The latest addition to the DISC online data archive offers a timely opportunity for researchers to delve into the voting dynamics of the Wisconsin state legislature in the past decade. Jacob Stampen, emeritus professor at UW-Madison’s Department of Educational Leadership and Policy Analysis and visiting researcher at WISCAPE, has deposited Voting Behavior in the Wisconsin State Legislature, 2003-2010 with DISC.
As Stampen explained for a recent UW-Madison News article, the project grew out of concerns for the health of Wisconsin’s political system. His analysis revealed that voting behavior had changed significantly since the 1960s. Not only had legislators begun voting more frequently in line with their respective parties, but also in closer alignment with the positions of major lobbying organizations.
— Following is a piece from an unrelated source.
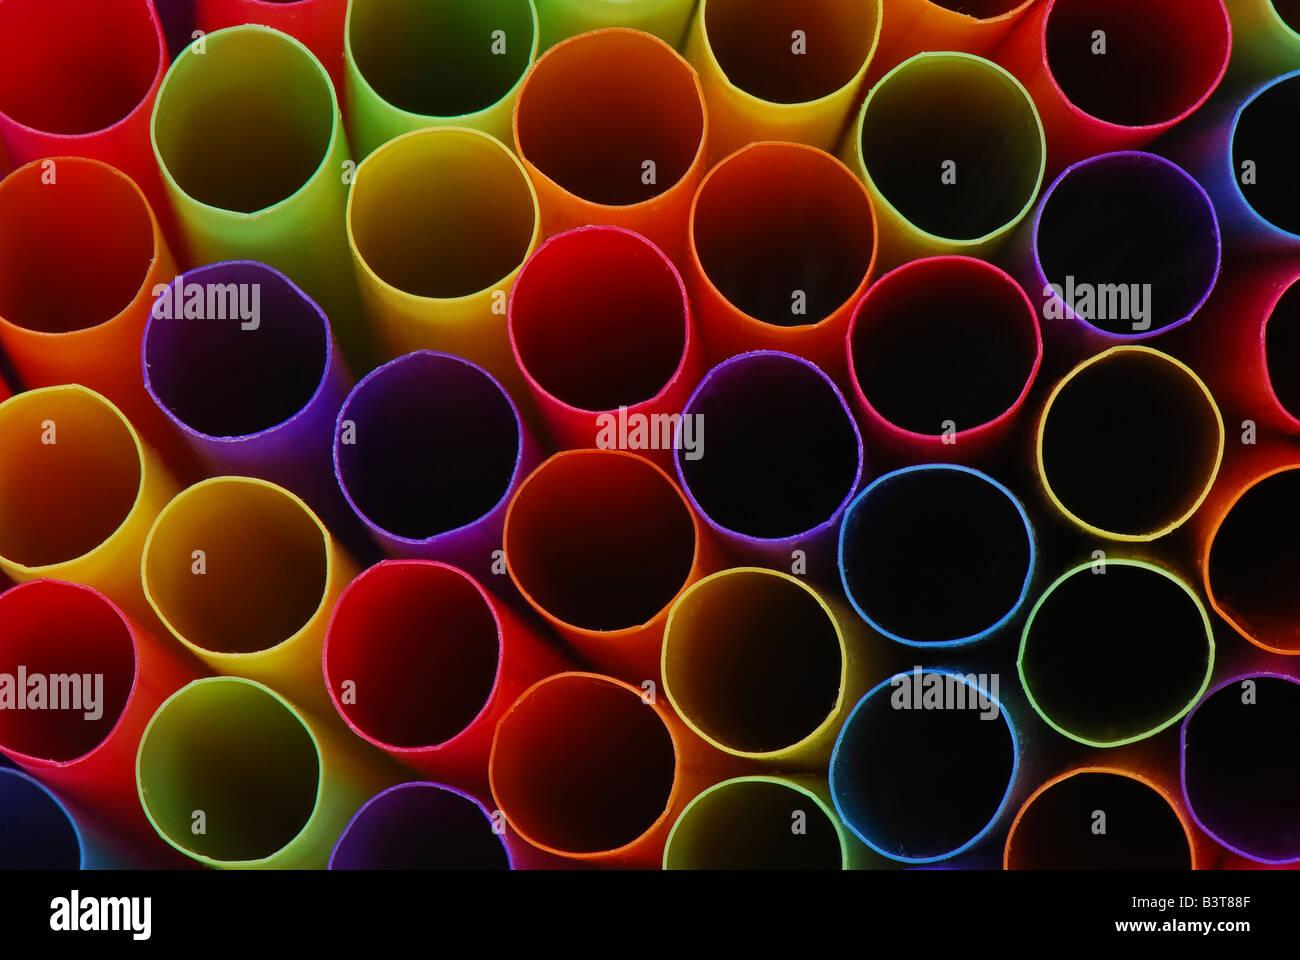 Résumé de l'extrémités de pailles multicolores. Photo Stock

The data that Stampen compiled across four sessions of the Wisconsin state legislators are now available for other researchers to investigate. The Voting Behavior data focuses on final floor votes in both chambers of the Wisconsin legislature, across four legislative sessions. Only votes contested by at least 5% of voting legislators are included. Biographical information for each legislator includes variables such as age, educational attainment, occupation, military service, margin of victory in the last election, and leadership and committee assignments. Ratings from lobbying organizations were compiled from Project Vote Smart, and campaign finance data originated from the Wisconsin Democracy Campaign.
As expressed in the “Suggestions for Database Users” document that accompanies the codebooks for the data,
Making the accompanying databases widely accessible will hopefully help to elevate the discourse over Wisconsin politics by making legislative actions easier for policy analysts, students, journalists and interested citizens to analyze and make sense of.
Past and future legislative sessions will be added to the archive as they become available or can be placed in consistent formats.